Describe concatenation speech synthesis.

A

This approach stores, concatenates (links together) and smooths sections of PRE-RECORDED speech. Digital recordings of an actual speaker are broken up into small units, which can be reconstituted into larger novel utterances.

25
Q

Is the phoneme a useful unit of speech to concatenate? Why?

A

No – because the number of possible transitions from one phoneme to another is large (and doesn’t result in a smooth transition)

26
Q

What units of speech are more successful to concatenate?

A

Syllables, diphones, and disyllables (as well as individual words in some systems). A fairly manageable number of digitally recorded syllables can be stored and combined into virtually any English utterance. Syllables are also useful because they have transitions built into them.

27
Q

What are diphones?

A

Diphones are formed by placing cuts in recorded CV or VC syllables at the steady state vowel component.

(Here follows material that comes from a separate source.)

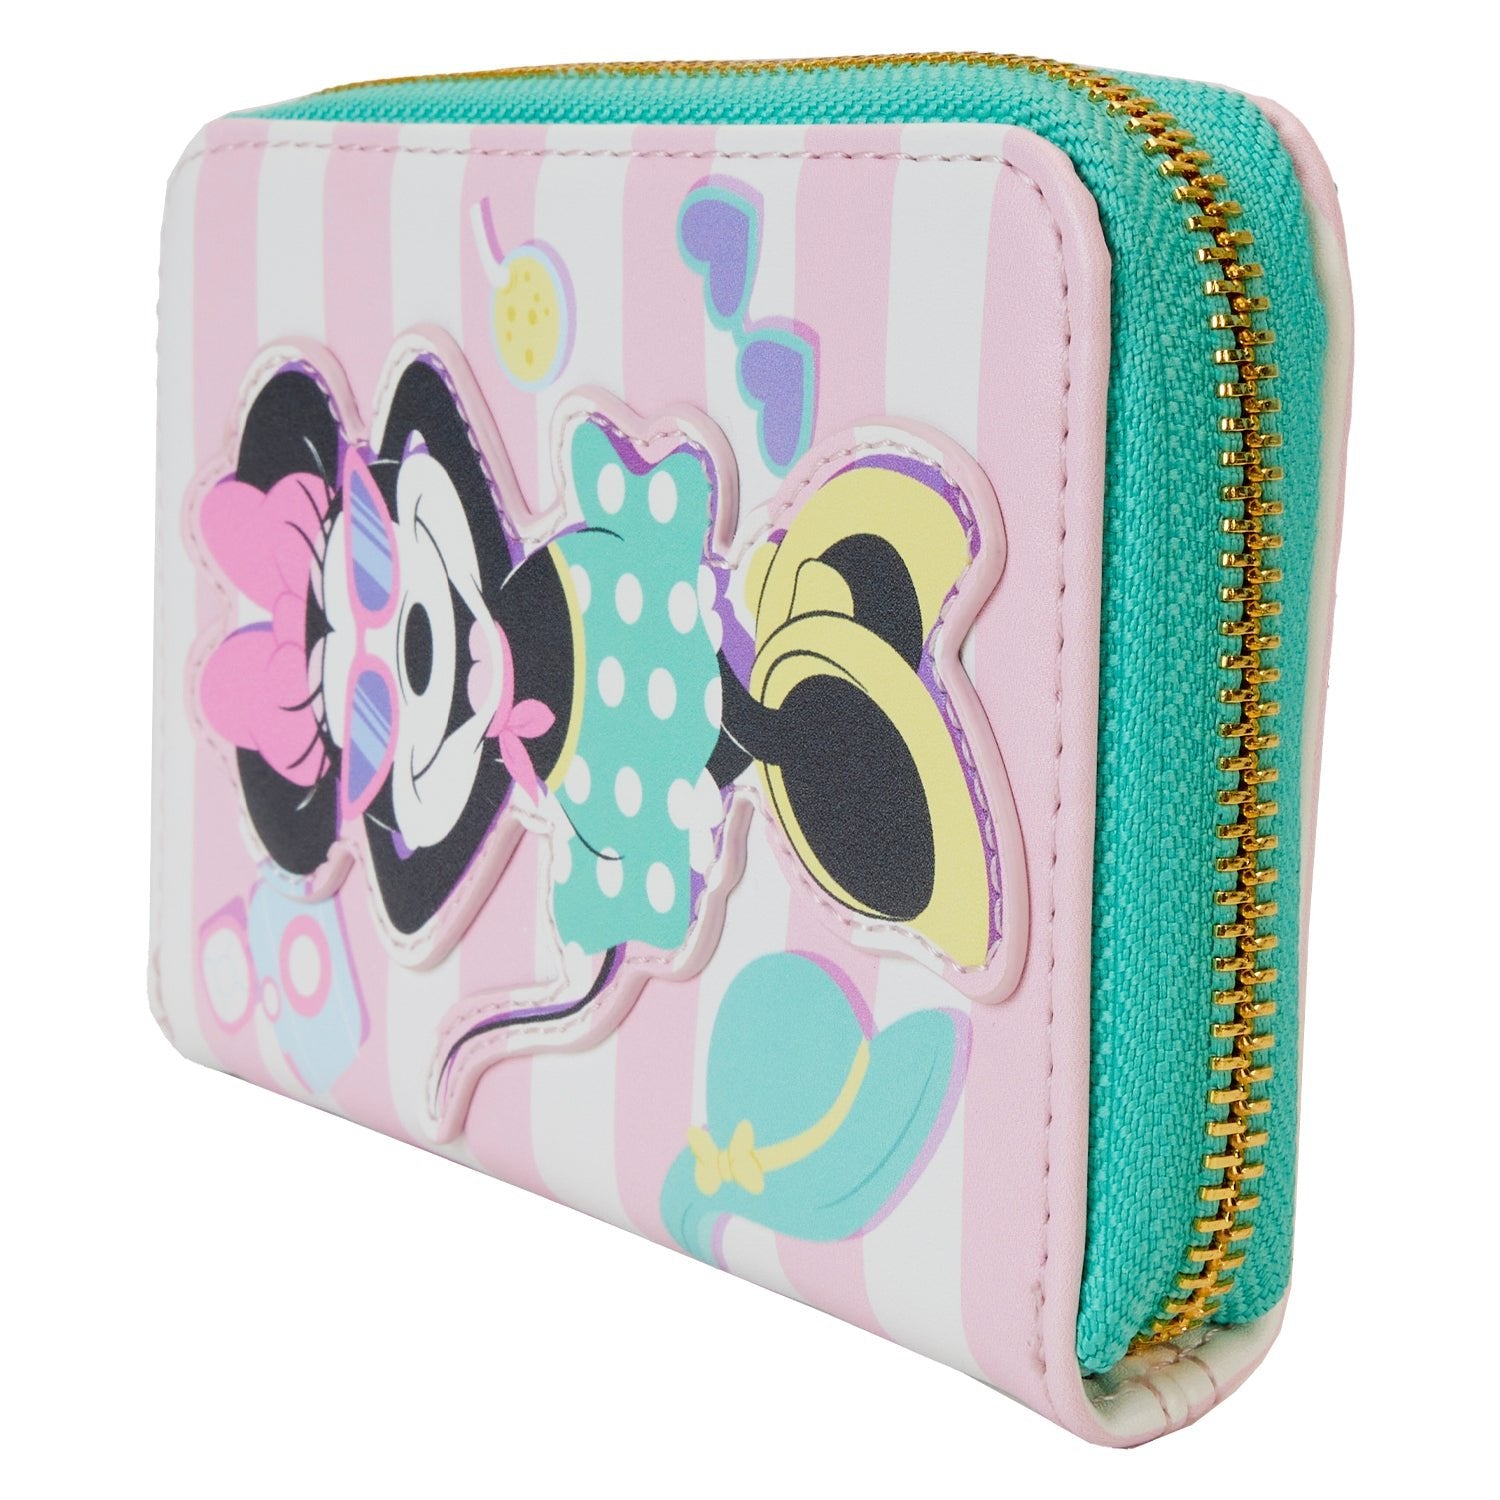 Loungefly x Disney Minnie Mouse Vacation Style Zip Around Wallet - GeekCore

All words that share a particular phoneme sequence use the same diphone for that sequence. Diphones are recombined to form longer utterances. E.g. the words ‘cat’ and ‘cab’ use the same diphone to produce /ca/. The next diphone would differ though: cat would use /at/ and cab would use /ab/. Therefore the production of the /a/ sound is based on the combination of the two diphones.

28
Q

How many diphones are needed to synthesise English speech?

A

About 2000

29
Q

What are disyllables?

A

They are half a syllable – either the onset up to the middle of the vowel, or from the middle of the vowel to the end of the coda.

30
Q

What is an advantage of using concatenation synthesised speech?

A

It is more natural sounding and intelligible than formant speech synthesis. They have shorter development times, and are relatively less expensive

31
Q

What is a disadvantage of using concatenation synthesised speech?

A

It requires a great deal of memory storage (although this is becoming less of a problem with the memory capacity of modern computers. Prosody is just as unnatural as formant synthesis, as well as discontinuities in the middle of vowels and between syllables.

32
Q

Does perceiving synthesised speech require more or less cognitive effort on behalf of the listener?

A

More

33
Q

What are some strategies to enhance the intelligibility of synthesised speech?

A

Slow down the speech rate, include visual texts

34
Q

In synthesised speech, what kinds of grammatical structures are perceived best?

A

Sentences are understood better than single words (indicating top-down processing). Simple sentences with high probability words are better understood than grammatically complex sentences.

35
Q

Give four examples of the clinical application of synthesised speech

A
  1. Reading instruction – useful for children and adults with developmental or acquired reading disorders
  2. Communication aids – people with speech production disabilities (e.g. dysarthria) can type a message, which will be spoken aloud
  3. Multilingual communication systems – which require speech recognition, linguistic translation, and speech synthesis – still in early stages
  4. Research – the researcher can control acoustic features of speech, and therefore investigate the acoustic cues used during speech perception
36
Q

What is a speech recognition system?

A

Convert spoken utterances into phonemic symbols and then to text in a word processing document.

37
Q

What is a speech understanding system?

A

Goes further than a speech recognition system by taking the words and analysing semantics

38
Q

What is a speech language system?

A

Speech language systems incorporate speech recognition, understanding and speech synthesis to provide a communicative interaction with a person.